Moral Majority co-founder Howard Phillips is a leader of the religious mission to "defund the left" and eliminate "anti-biblical" social programs. Public policy driving the vast shift of wealth and power that seeks eradication of all social programs dating to the New Deal, is engineered in tax-exempt, corporate-financed think tanks. Huge Reagan and Bush budget deficits have been calculated to justify slashing social spending to the bone, even as anger is deflected away from corporate looters of the treasury toward single mothers on welfare. 1996 Welfare Reform targeted $67 billion of total social spending, leaving untouched $167 billion in corporate welfare. Marvin Olasky (The Tragedy of American Compassion) provided the theme for the Republican holy war to end aid to the poor, citing biblical justification for starvation (Thessalonians 3:10): "...if a man will not work, neither let him eat." Opponents of "supply-side" economics were dubbed by Newt Gingrich "socialists." Any mention of financial inequity or the increasing tax burden on the working poor and middle class draws accusations of "class warfare." The world's second richest man, Warren Buffett, observed of class warfare, "My class won," noting that his receptionist pays a tax rate proportionately 10 times higher than he does.

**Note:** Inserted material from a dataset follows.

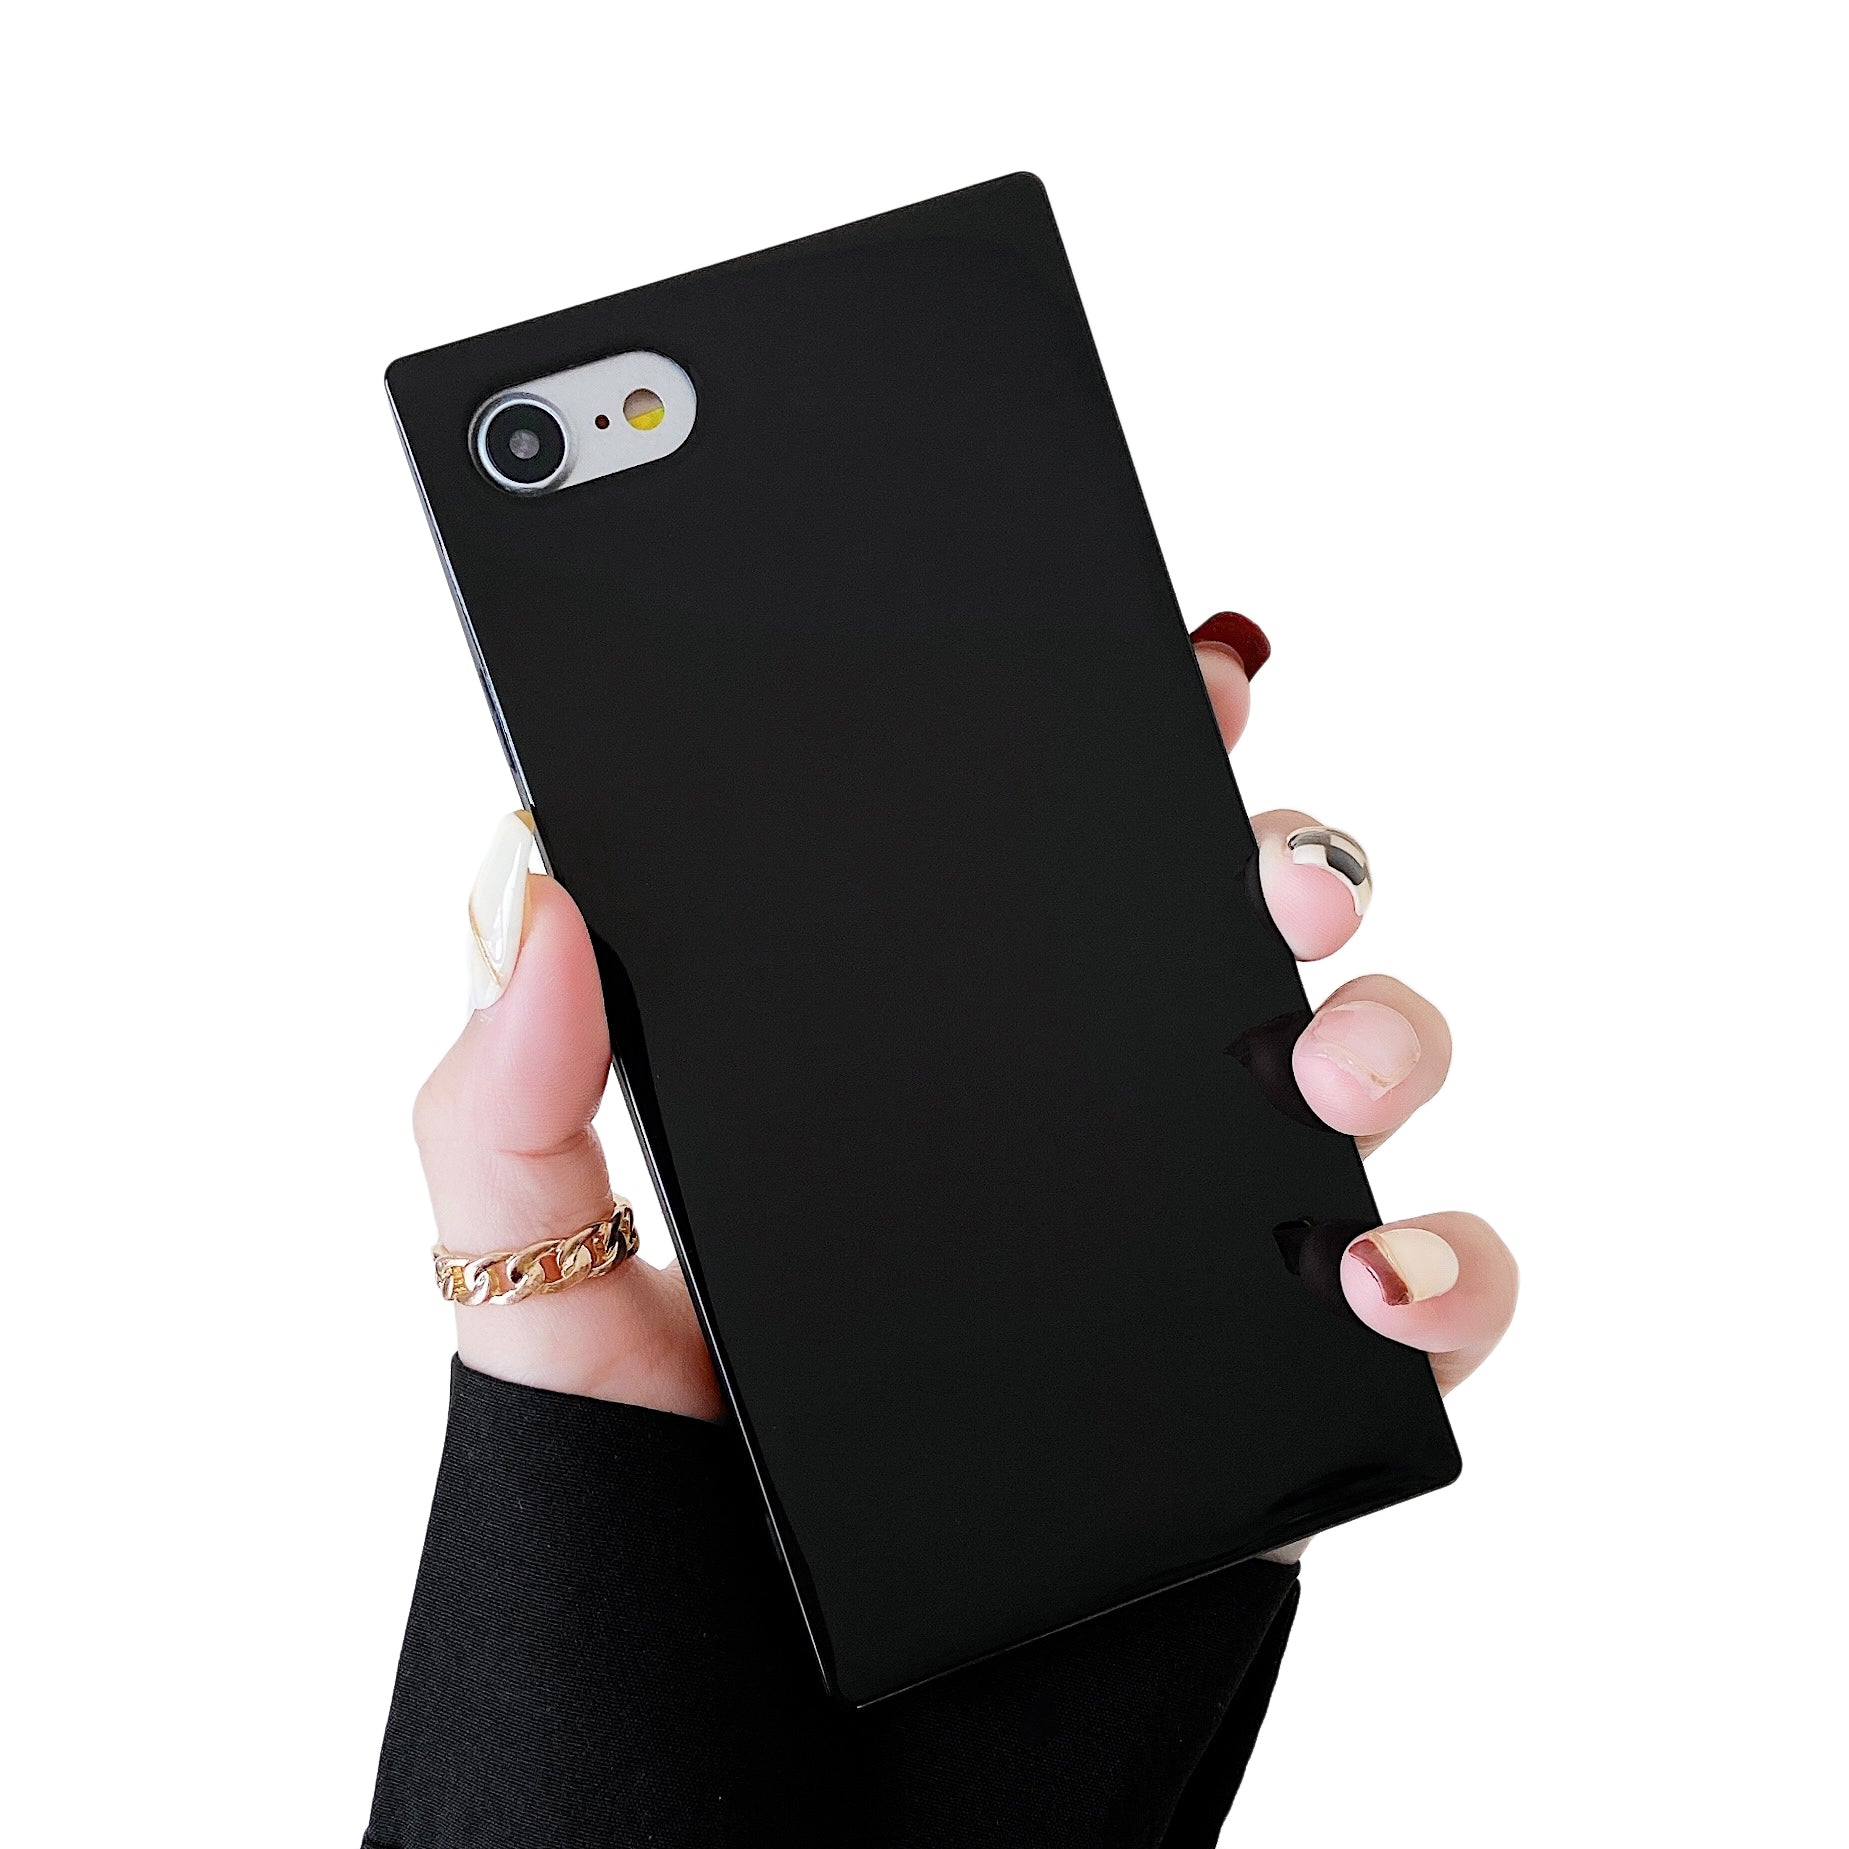 iPhone 8 Plus/7 Plus Case Square Neutral Plain Color (Black)

Gingrich's "opportunity society" quickly morphed into government-of-the-highest-bidder, abetted by Tom ("The Hammer") DeLay whose "Pay to Play" ethos strong-arms corporate lobbyists for contributions in exchange for industry deregulation, privatization and large corporate subsidies. Medicare Reform became a multi-billion dollar windfall for the insurance and pharmaceutical industries, rewarded with the push to privatize Medicare and the prohibition of negotiation of bulk medicine prices. The 2003 pork-laden Energy Bill pumped $20 billion in tax subsidies to the oil and gas industry, relieving them of responsibility for the cost of environmental cleanups, also subsequently dumped on taxpayers.
A principal architect of George W. Bush's annual tax cuts for the rich, Americans for Tax Reform's Grover Norquist eagerly anticipates the prospect of states' fiscal chaos, expressing hope that at least one of the states "goes bankrupt." The goals of anti-tax activists and corporate oligarchs merge perfectly with the ambitions of religious nationalists. Once public services and schools are financially squeezed, corporations will privatize them. So, too, do religious nationalists anticipate economic and social turbulence as precursors to the establishment of theocracy on the ruins of U.S. democracy.